I have a large data.frame of variables regarding salmon farming (2005-2020). It contains data from hundreds of different farms (org_anonym) for all 15 years. However, many farms are missing some months or have duplicate months. How can I write this so that every year for every location has 12 months in the order 1-12?
Example:
In this example, farm 126 is missing the 12th month of the year for 2005, whereas 2006 has only the 11th and 12th month.
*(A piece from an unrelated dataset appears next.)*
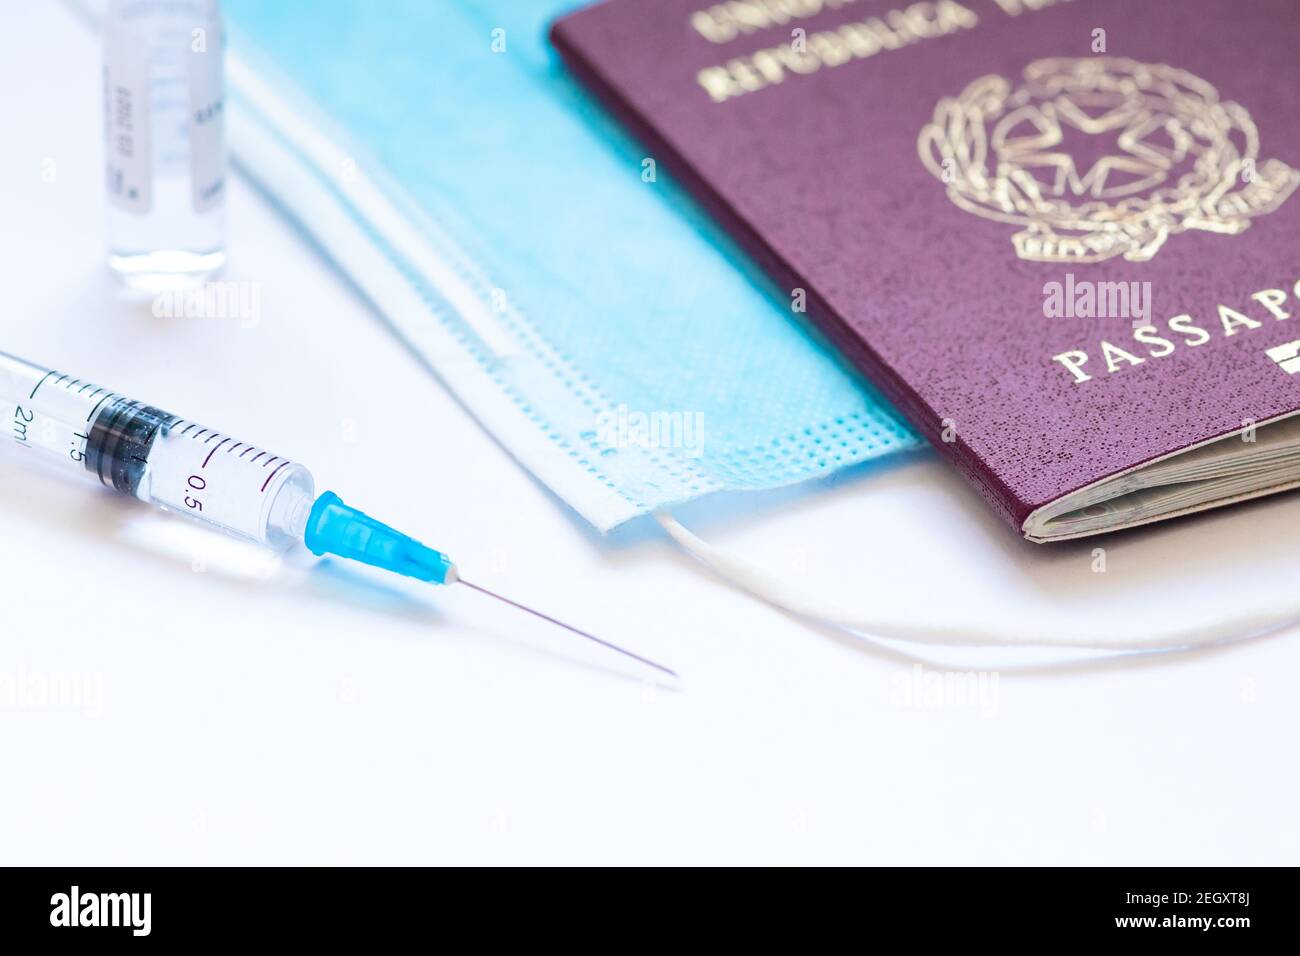 Syringe with needle, vial, surgical face mask and passport or visa on a white table ready to be used. Covid or Coronavirus vaccine background Stock Photo

Sometimes the same year has two consecutive rows with the same month.
My desired outcome is to have all locations have years 2005-2020 with months 1-12 without duplicates or missing months (the data in the filled rows can be 0 or NA).
I don't have an intuitive way of doing this since the errors are random.
Please help :)
CodePudding user response:
here is a similar example where I only work with a "6 month year" so it's more readible. It's easier to sort stuff with small examples.
library(plyr) # join and arrange function
# Example where i miss last month of 2005
# and only have 2 first month for 2006
df <- data.frame(
year = c(rep(2005, 5), rep(2006, 2)),
month = c(1:5, 4, 5 ),
value = 126)
# I create a data.frame of all coombination of year and month.
# You can replace year here by 2005:2020 and month by 1:12
tmp <- expand.grid(year = unique(df$year), month = 1:6)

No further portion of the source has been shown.